━━ Provided data ━━
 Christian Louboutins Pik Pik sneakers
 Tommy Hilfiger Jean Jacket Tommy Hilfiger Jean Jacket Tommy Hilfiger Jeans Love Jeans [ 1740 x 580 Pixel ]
━━━
━━ Provided data ━━
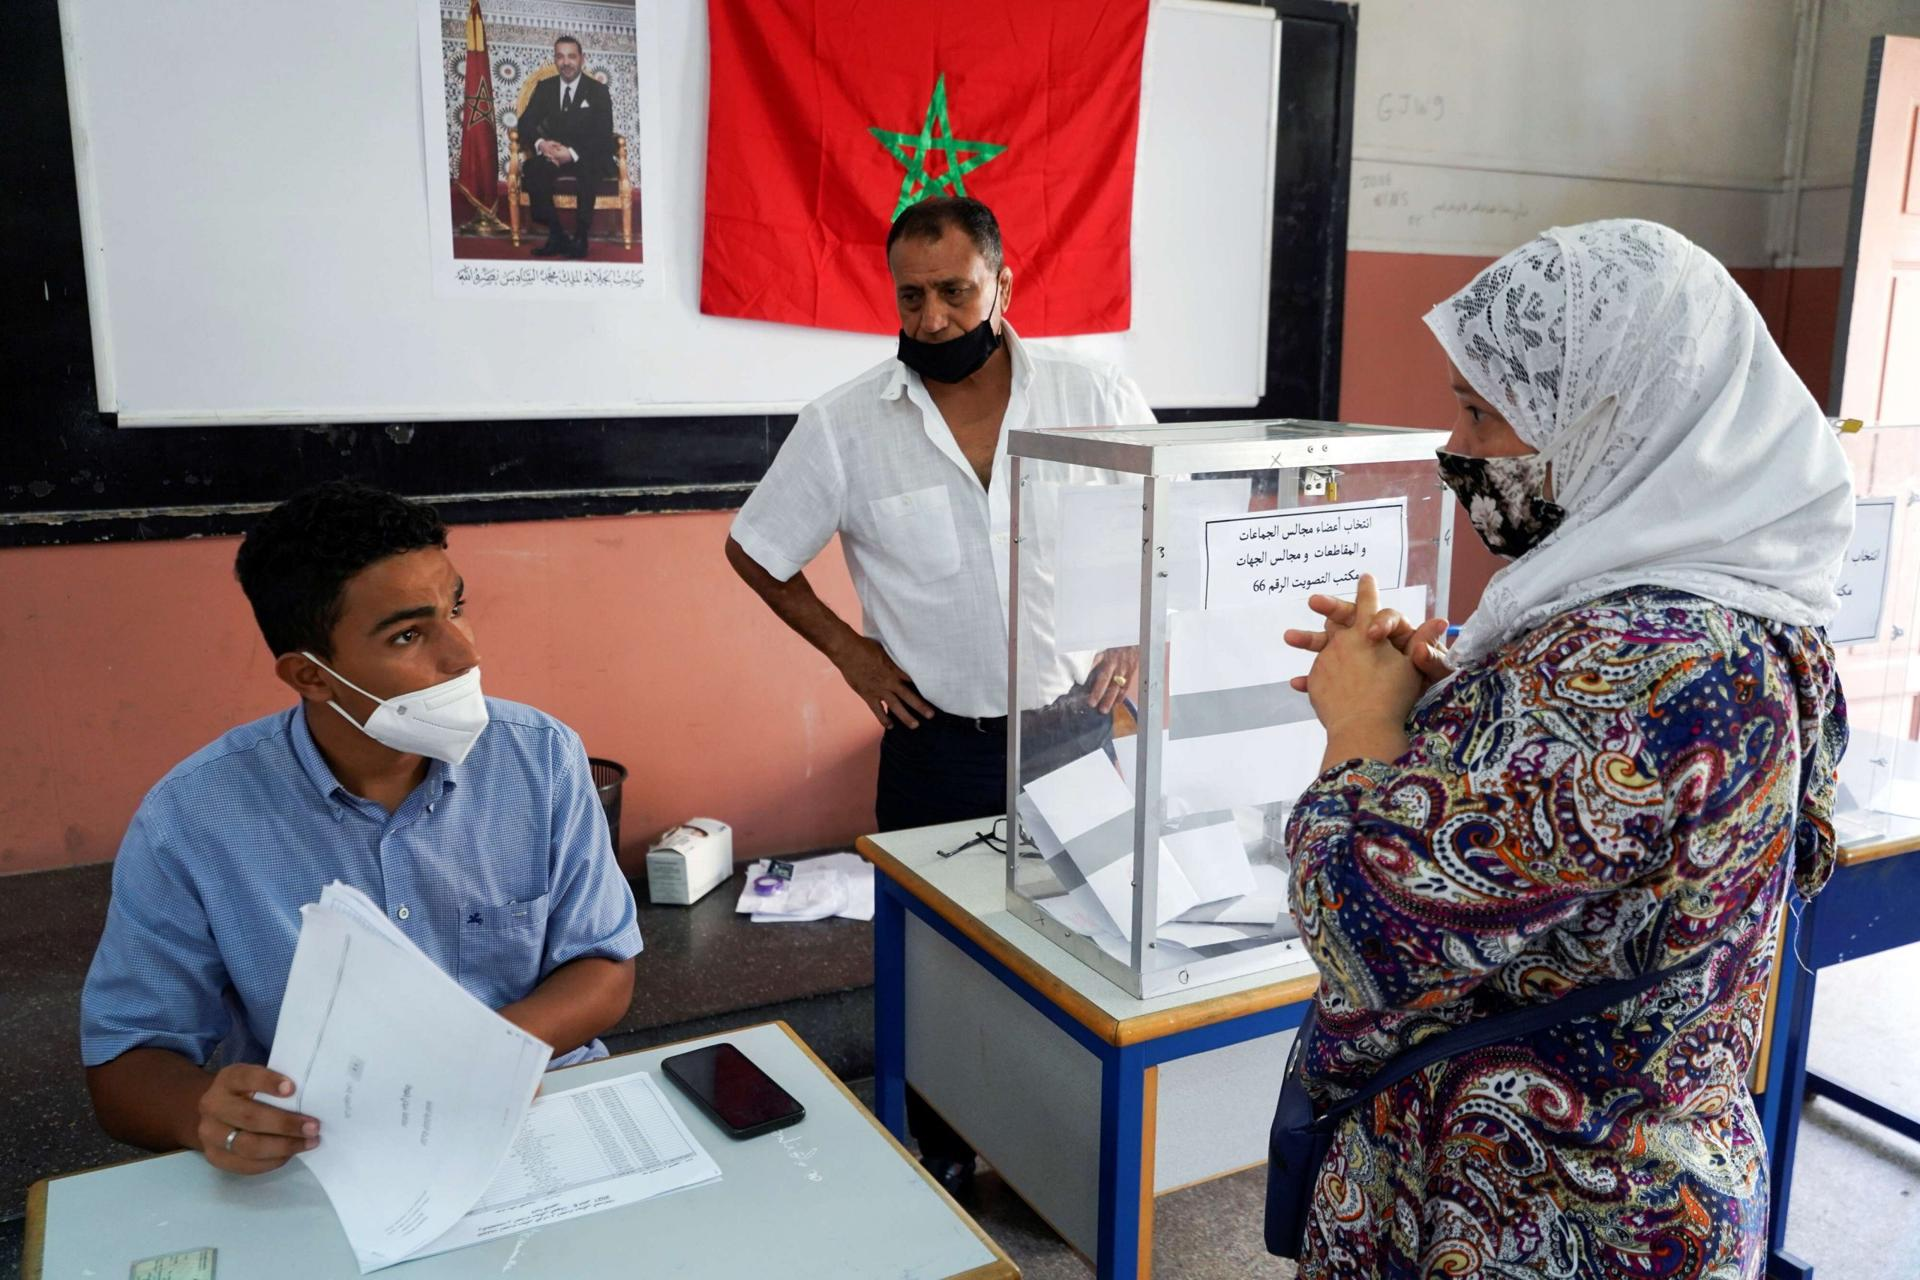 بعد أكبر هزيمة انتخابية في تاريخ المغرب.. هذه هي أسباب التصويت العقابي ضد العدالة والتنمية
━━━
Of all the entries above, repeat only the lines from the line that has "Christian Louboutins Pik Pik sneakers" to the line that has "Tommy Hilfiger Jean Jacket Tommy", both lines included, exactly.

▸ Result:
 Christian Louboutins Pik Pik sneakers
 Tommy Hilfiger Jean Jacket Tommy Hilfiger Jean Jacket Tommy Hilfiger Jeans Love Jeans [ 1740 x 580 Pixel ]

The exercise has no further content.